The Actress and The Bishop

Thoughts and Ramblings from a Student Librarian.

Name:
Location: Illinois

I act. Lately, I've been acting like a Librarian-in-training

25 April 2007

Reading Lolita in Tehran by Azar Nafisi

“Living in the Islamic Republic is like having sex with a man you loathe . . . if you’re forced into having sex with someone you dislike, you make your mind blank - you pretend to be somewhere else. You tend to forget your body; you hate your body. That’s what we do over here [in Iran]. We are constantly pretending to be somewhere else.”

This vivid description is one of hundreds given by Dr. Azar Nafisi, professor of literature. Born in Persia/Iran, she was educated in Europe and America, and returned to Iran in time to see the rise of the Taliban and the systematic quelling of both women’s rights and Western culture permeating Iran. As a professor, she meets some very intelligent, very gifted young women who all gravitate together because of the literature they read in her classes. Eventually, when Dr. Nafisi quits her job rather than being forced to wear the Veil, she starts her own class in her home. There, she invites seven of these certain young women, who have become her friends over the years, to join her. Together they read and discuss forbidden Western literature - Lolita, of course, but also Pride and Prejudice, Daisy Miller, and The Great Gatsby. What they do is illegal, and more than one woman is punished and beaten because of her interest in Western culture and higher education. Even though these women, including Dr. Nafisi, come from very different backgrounds and go on to lead different lives once the time period of this book ends, when they do come together, they loose themselves in their beloved novels for a time, and then trudge back into the world that both despises and controls them. This regular Thursday morning class continues for two years.

For most of this book, I was rather depressed, reading about Dr. Nafisi’s experiences and reminding myself it wasn’t a novel, but a memoir. This happened, and is still happening today. However, I was encouraged by the end of the book, when Dr. Nafisi and her family find the courage to emigrate to America, and many of her beloved students leave Iran as well.

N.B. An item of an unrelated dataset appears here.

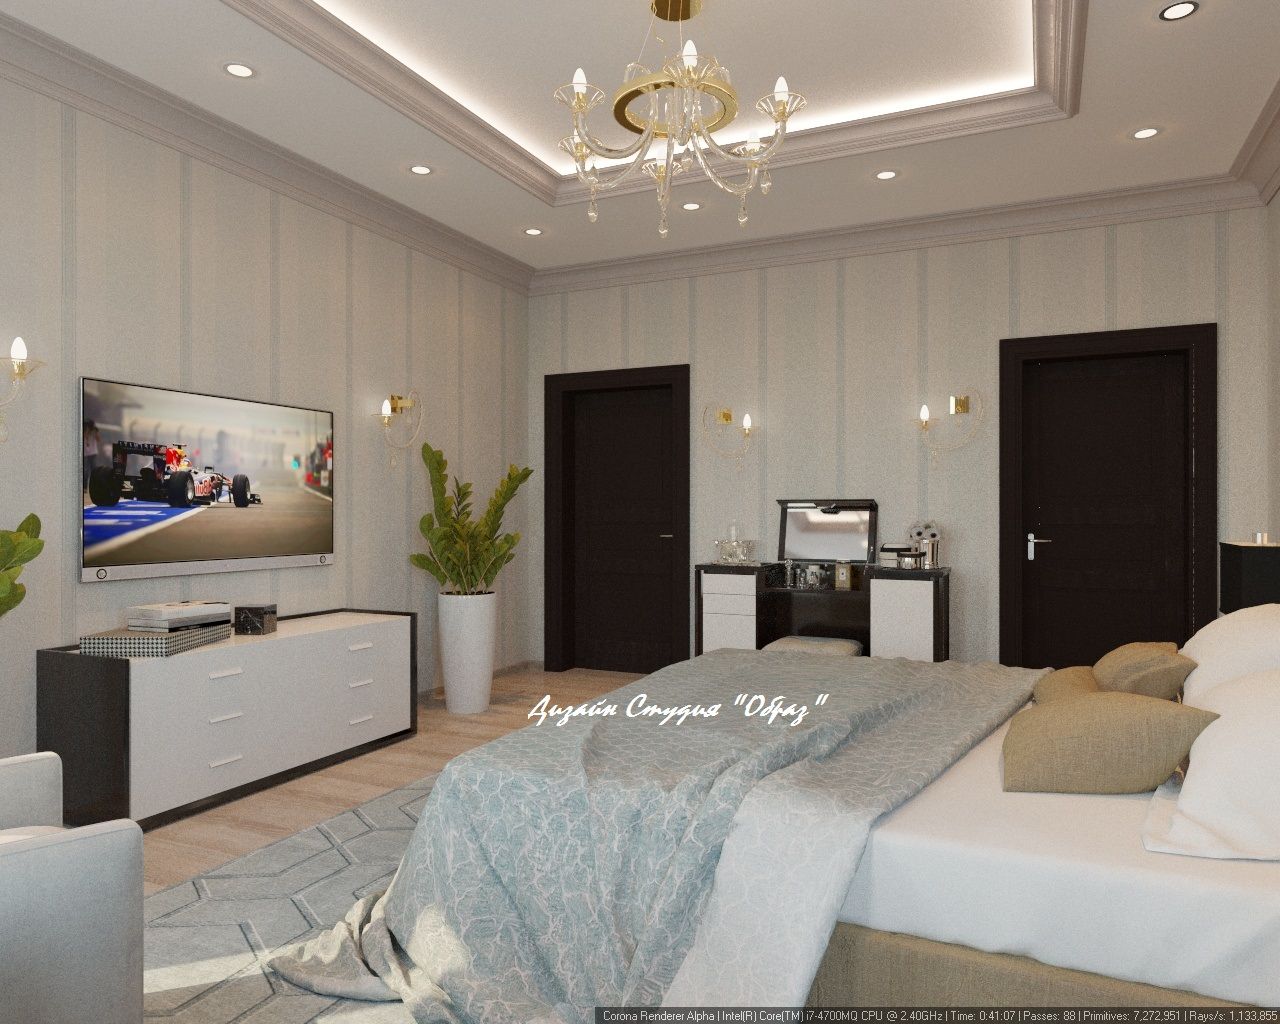 Элегантная спальня в светлых тонах, Дизайн Студия "Образ" Дизайн Студия 'Образ' Bedroom

If you enjoyed this book, please consider one of the following :
Fiction Recommendation : The Jane Austen Book Club by Karen Joy Fowler. Five women and one man meet periodically to discuss the work of (arguably) the greatest novelist in English. Six people, one for each Jane Austen title. It is California, a hot summer in the Central Valley early in the 21st century, and these are ordinary people, neither happy nor unhappy, but each of them hurting in different ways, all of them mixed up about love.
Fiction Recommendation : Lolita by Vladimir Nabokov. There is a reason why this novel about a pedophile rapist who lusts after a bratty ‘tween’ is not only in the title of Nafisi’s memoir, but also still considered great literature.
Note : Jeremy Irons reads an unabridged recording of the audiobook of Lolita. He is wonderful, and I highly recommend it!
Nonfiction Recommendation : Kabul Beauty School: An American Woman Goes Behind the Veil by Deborah Rodriquez. Rodriguez's account tells the story of one Michigan woman's quest to help women in Afghanistan after the fall of the Taliban the best way she knows how: by opening a beauty school. After spending a couple of years in her adopted city, she realizes that she is giving women the power to earn both money and autonomy, and fights fiercely to keep the school open.
Nonfiction Recommendation : Persepolis: The Story of a Childhood by Marjane Satrapi. This memoir in graphic novel form goes into great detail of Satrapi’s childhood in Iran during the Iran-Iraq war. The stark black-and-white drawings only add to the bleakness of her immediate future and barrenness of the landscape.